* **Action item**: Only the pictures should be left out; write out all other data exactly.

* **Data segment**:
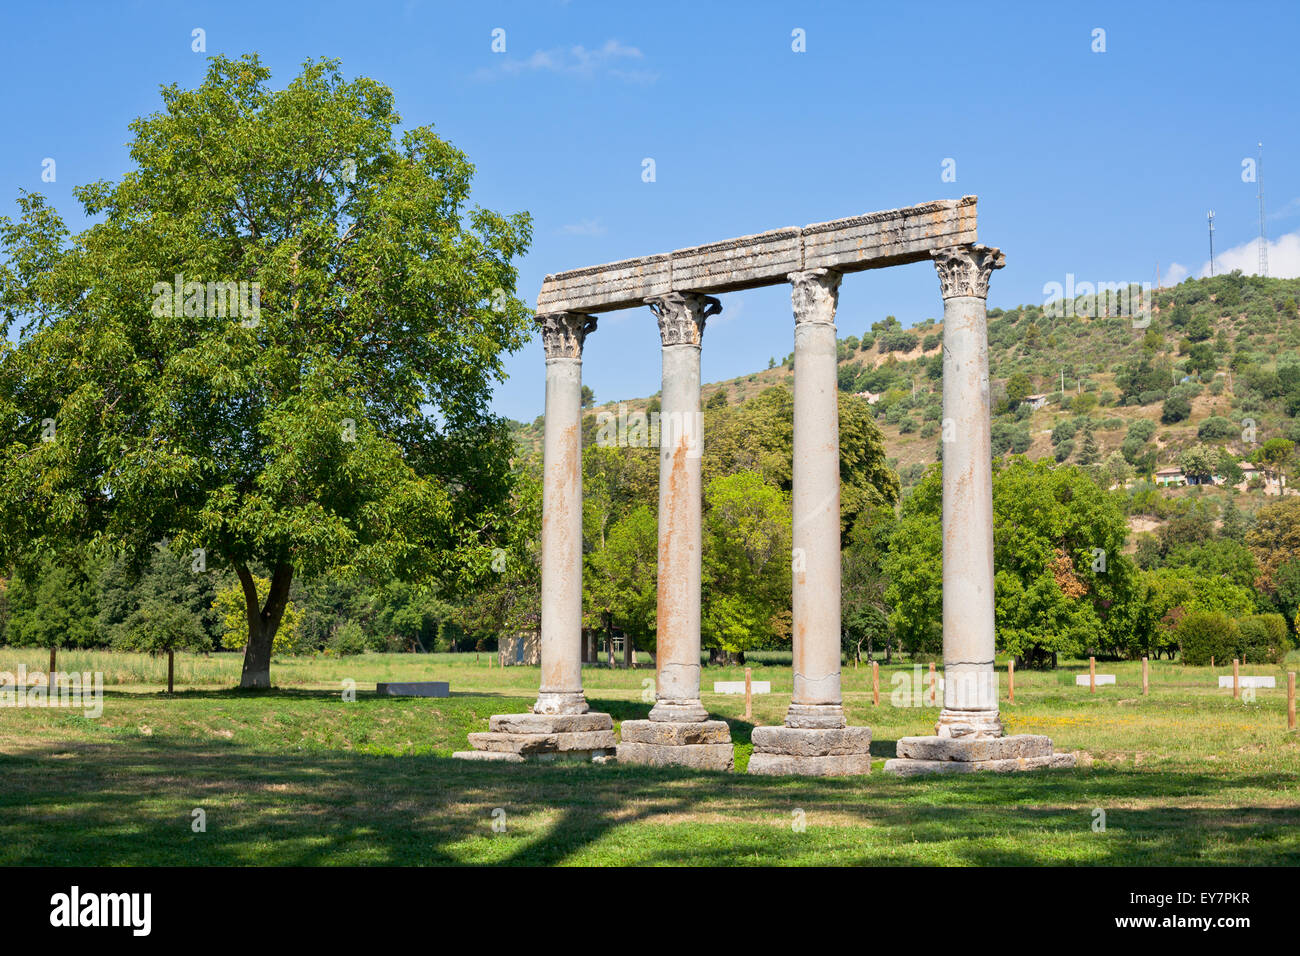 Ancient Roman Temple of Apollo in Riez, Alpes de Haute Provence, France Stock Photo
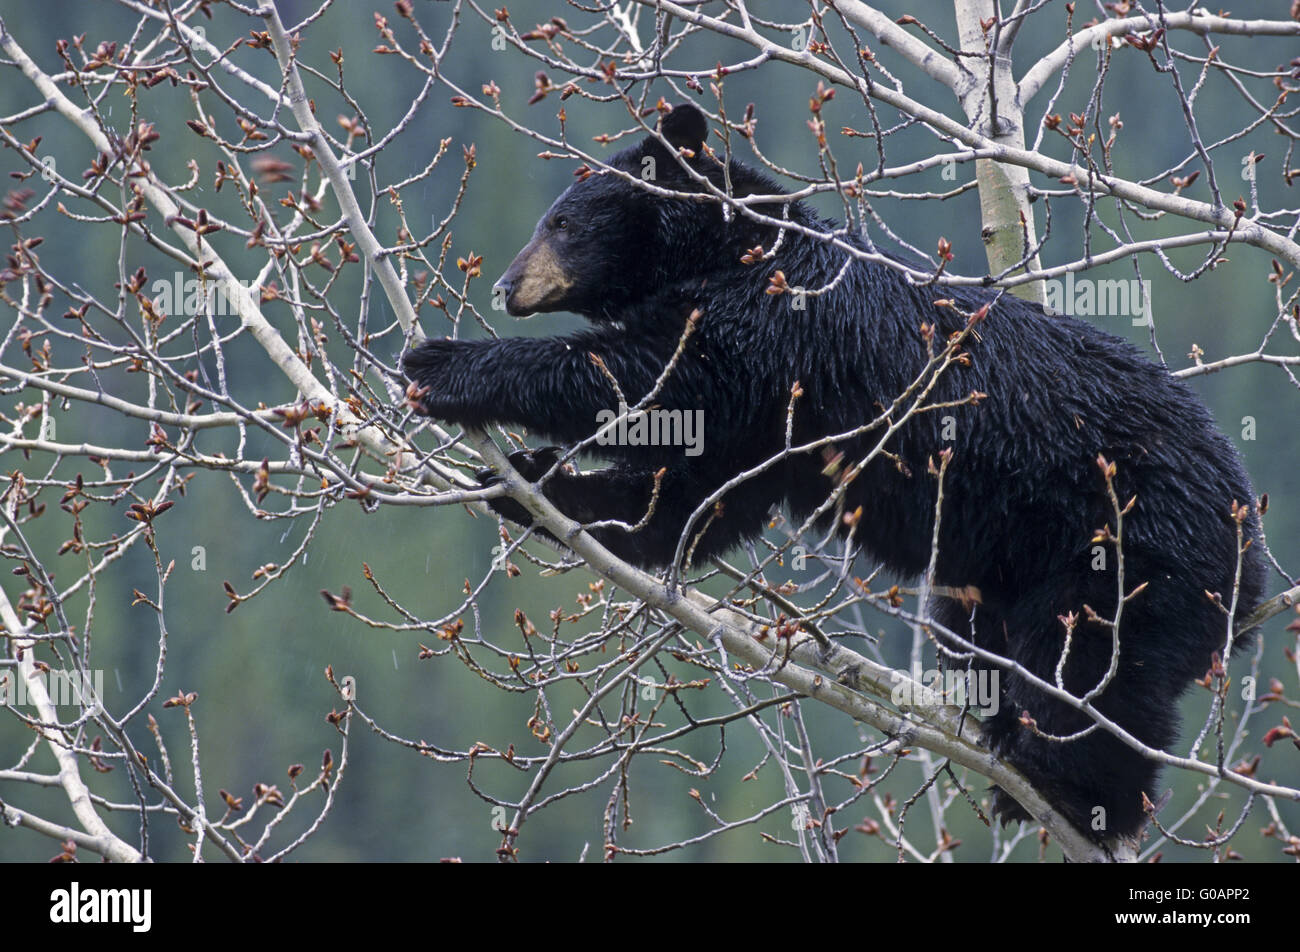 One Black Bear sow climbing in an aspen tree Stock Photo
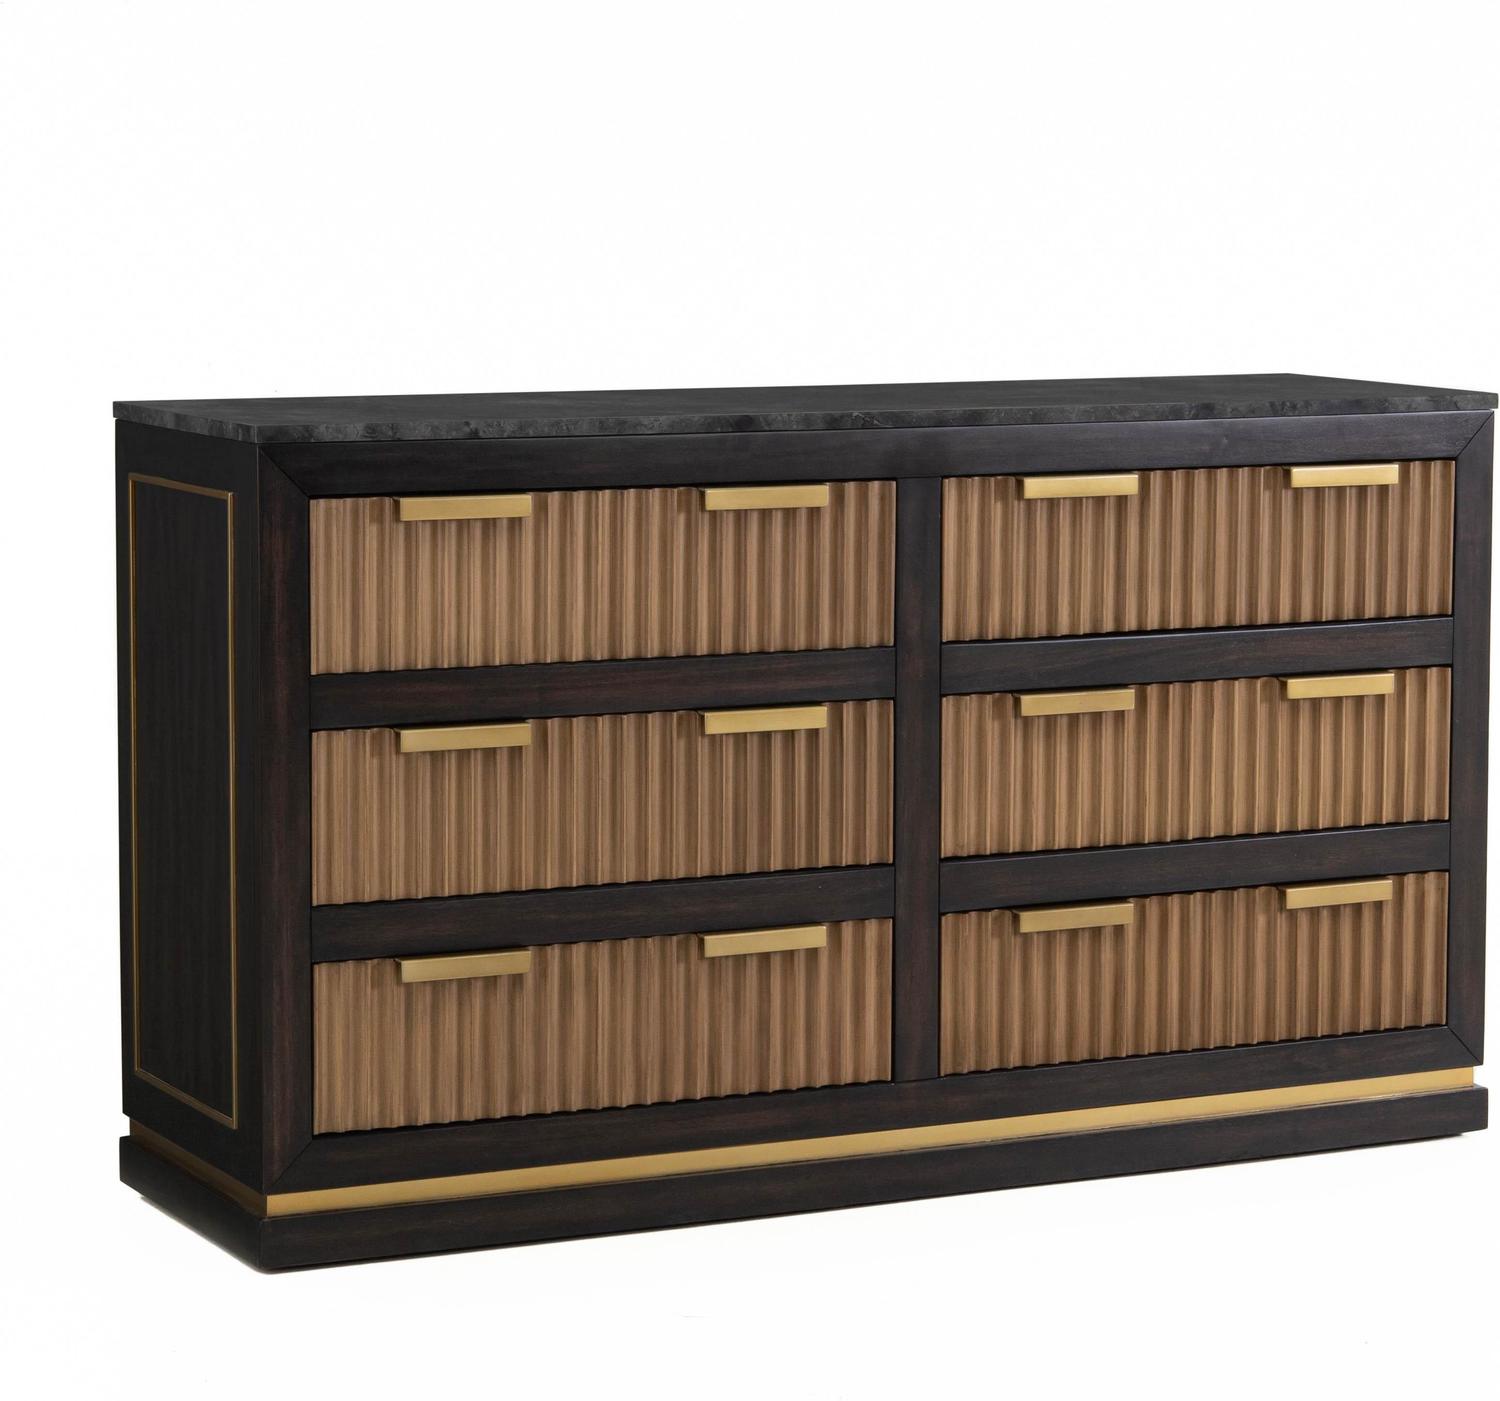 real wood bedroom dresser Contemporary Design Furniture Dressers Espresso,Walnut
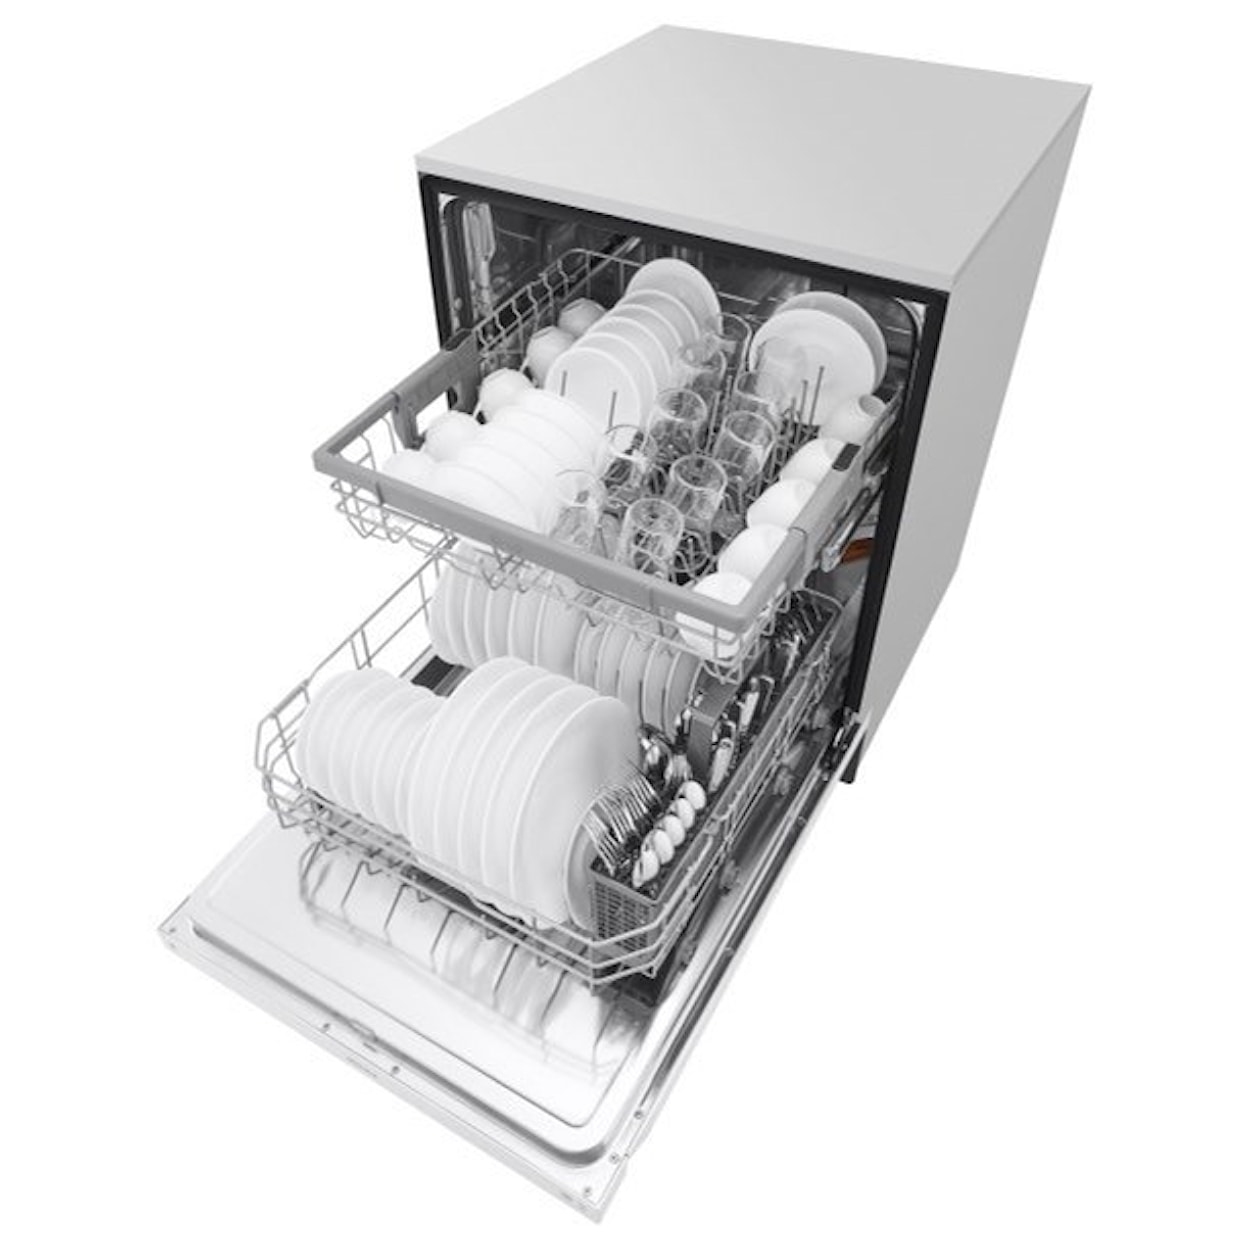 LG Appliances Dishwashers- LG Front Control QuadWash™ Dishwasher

* **Task answer**:
 Ancient Roman Temple of Apollo in Riez, Alpes de Haute Provence, France Stock Photo
 One Black Bear sow climbing in an aspen tree Stock Photo
 real wood bedroom dresser Contemporary Design Furniture Dressers Espresso,Walnut
 LG Appliances Dishwashers- LG Front Control QuadWash™ Dishwasher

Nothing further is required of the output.